On February 10, 2014, the IRS released final regulations implementing the employer penalty under the Affordable Care Act (“ACA”). The final regulations are complex and address numerous aspects of the employer penalty. We previously released an article dealing with the transition rules under the final regulations and we will be issuing an article in the near future regarding seasonal and variable hour employees. Below, you will find information on the following from the final regulations:
• Changes regarding how to determine full-time employee status;
• Clarifications regarding how to determine affordability; and
• Further explanation of what constitutes an “offer of coverage.”
Full-Time Employee Status
Under the ACA and the proposed regulations, a full-time employee (“FTE”) is, with respect to a calendar month, an employee who is employed an average of at least 30 hours of service per week with an employer. 130 hours of service in a calendar month is treated as the monthly equivalent of at least 30 hours of service per week. These methods are referred to as the “monthly measurement method.” Look back measurement methods are also available and are not discussed herein.
New Weekly Rule
Under the monthly measurement method, employers have the option of determining FTE status by using a weekly rule. Under the weekly rule, FTE status for certain calendar months is based on hours of service over 4 weekly periods and for certain other calendar months is based on hours of service over 5 weekly periods as follows:
• with respect to a month with 4 weekly periods, an employee with at least 120 hours of service is an FTE; and
• with respect to a month with 5 weekly periods, an employee with at least 150 hours of services is an FTE. For purposes of this rule, the 7 continuous calendar days that constitute a week (for example Sunday through Saturday) must be consistently applied for all calendar months of the calendar year.
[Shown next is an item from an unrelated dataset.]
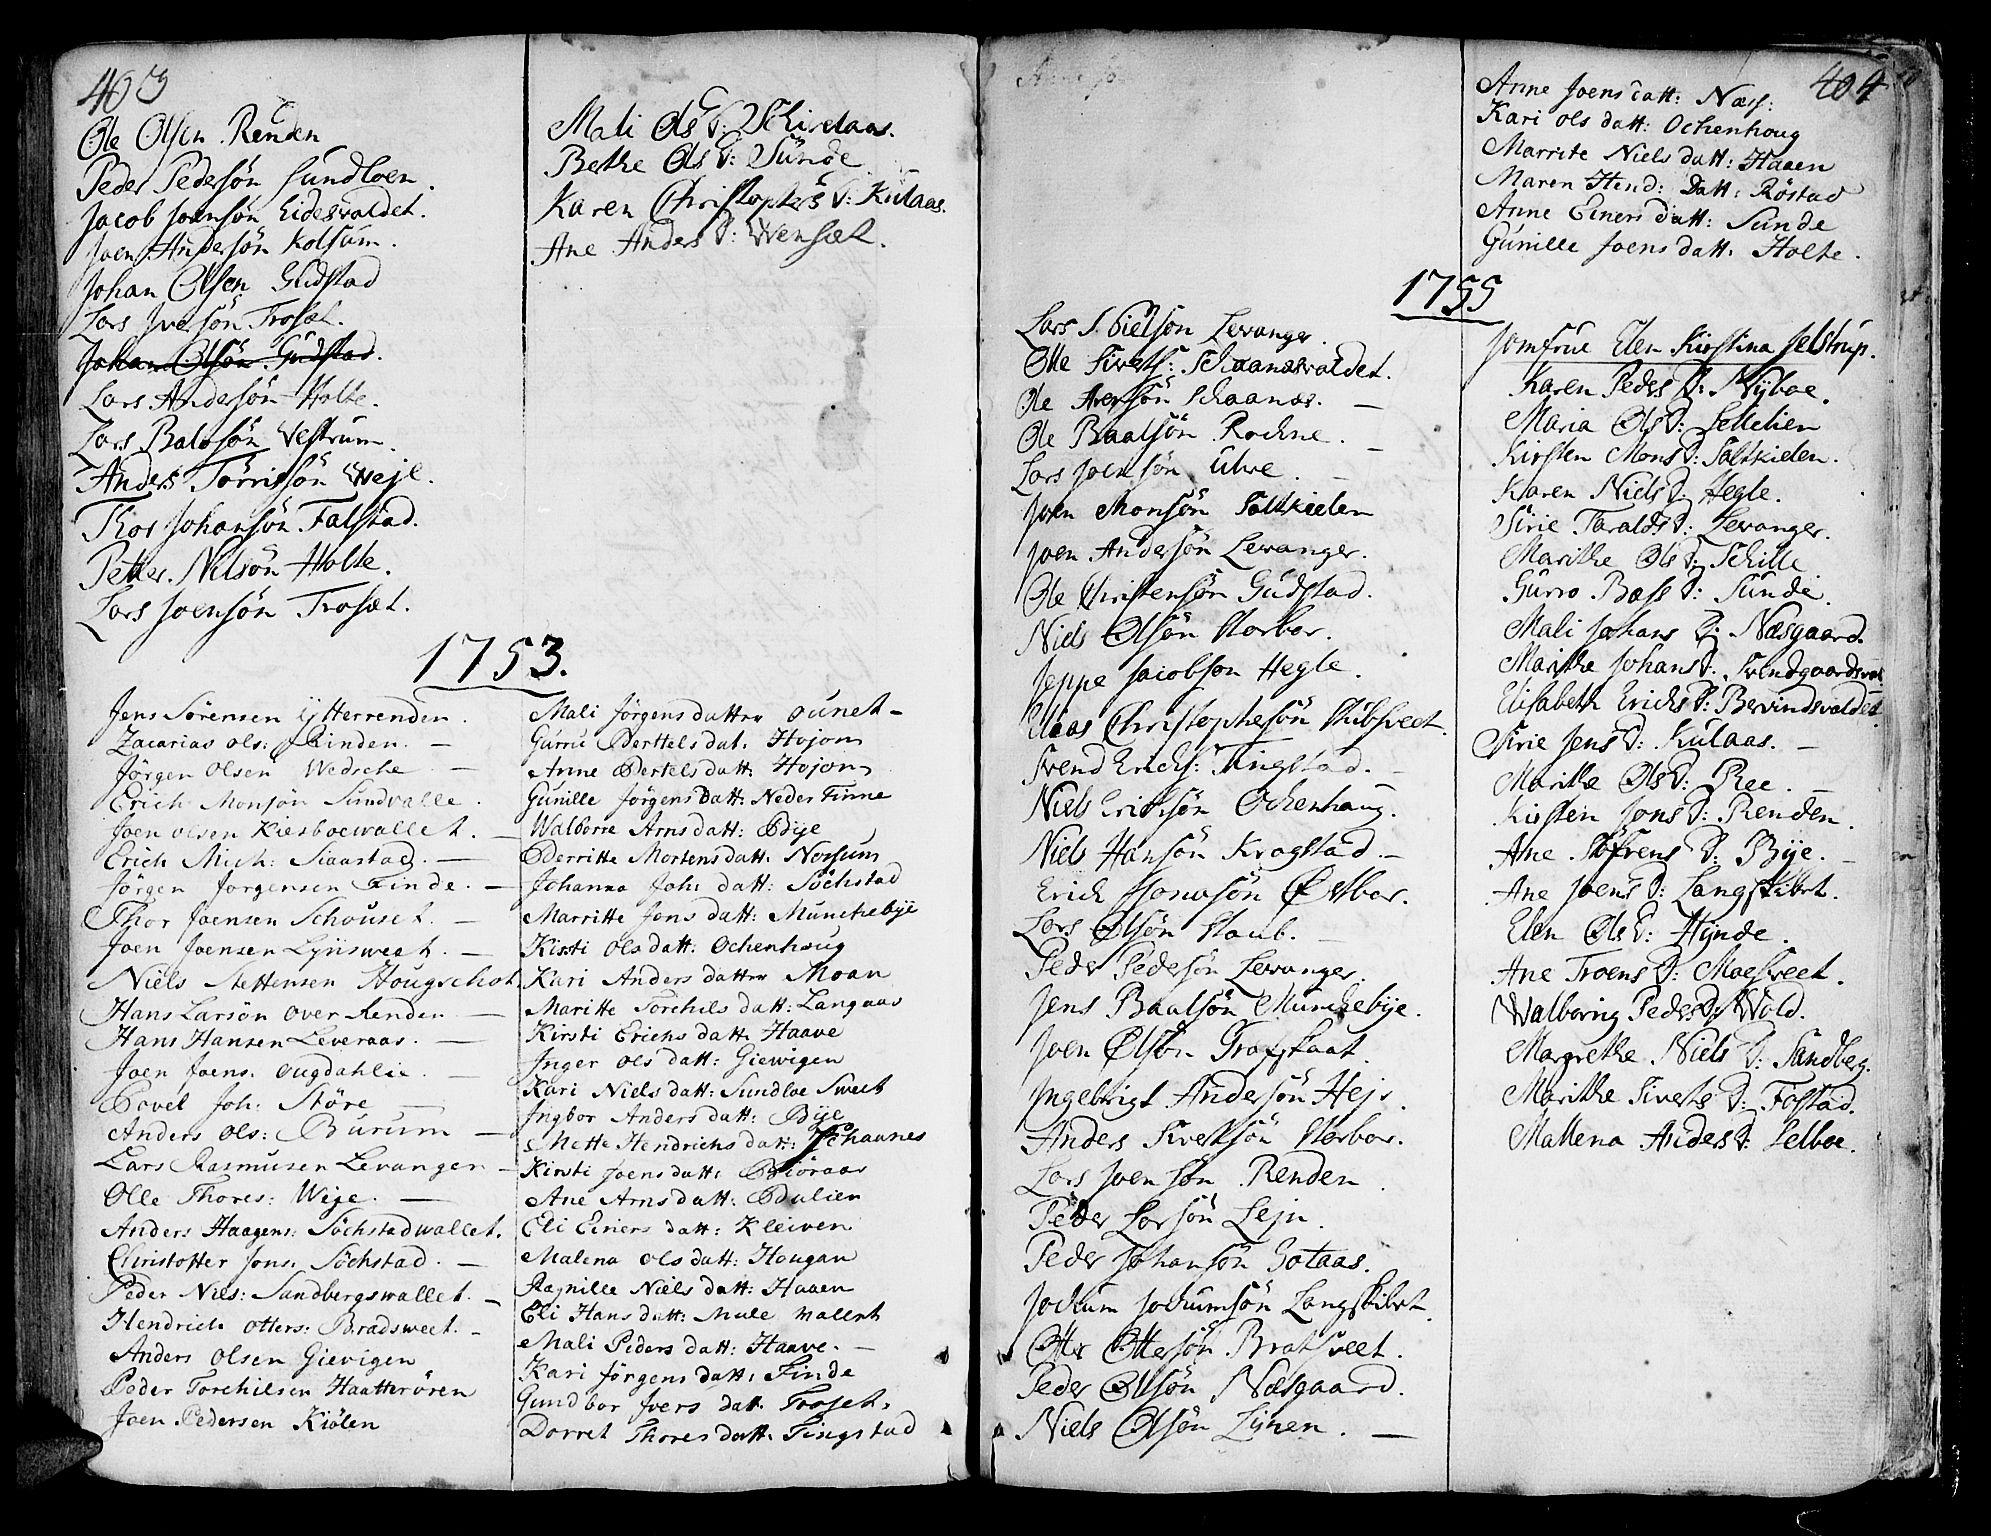 SAT, Ministerialprotokoller, klokkerbøker og fødselsregistre - Nord-Trøndelag, 717/L0141: Ministerialbok nr. 717A01, 1747-1803, s. 403-404

Rehired Employees and Employees Returning from a Short Leave of Absence
To avoid characterizing former employees as rehired employees after a short period of absence, the final regulations clarify that under the monthly measurement method, an employee must be treated as a continuing employee, rather than a new hire, unless:
• the employee has had a period of at least 13 weeks during which no hours of service were credited (26 weeks for an employee of an employer that is an educational organization); or
• the employee is not credited with any hours of service during a period that is both at least 4 consecutive weeks’ duration and longer than the employee’s immediately preceding period of employment.
Aggregation of Hours of Service
Hours of service must be counted across all large employer members of a controlled group where an employee accrues hours of service in a calendar month for various large employer members. For example, an employee who for a calendar month averaged 25 hours of service per week with large employer member A and 15 hours of service per week with large employer member B, the employee would be an FTE for that calendar month.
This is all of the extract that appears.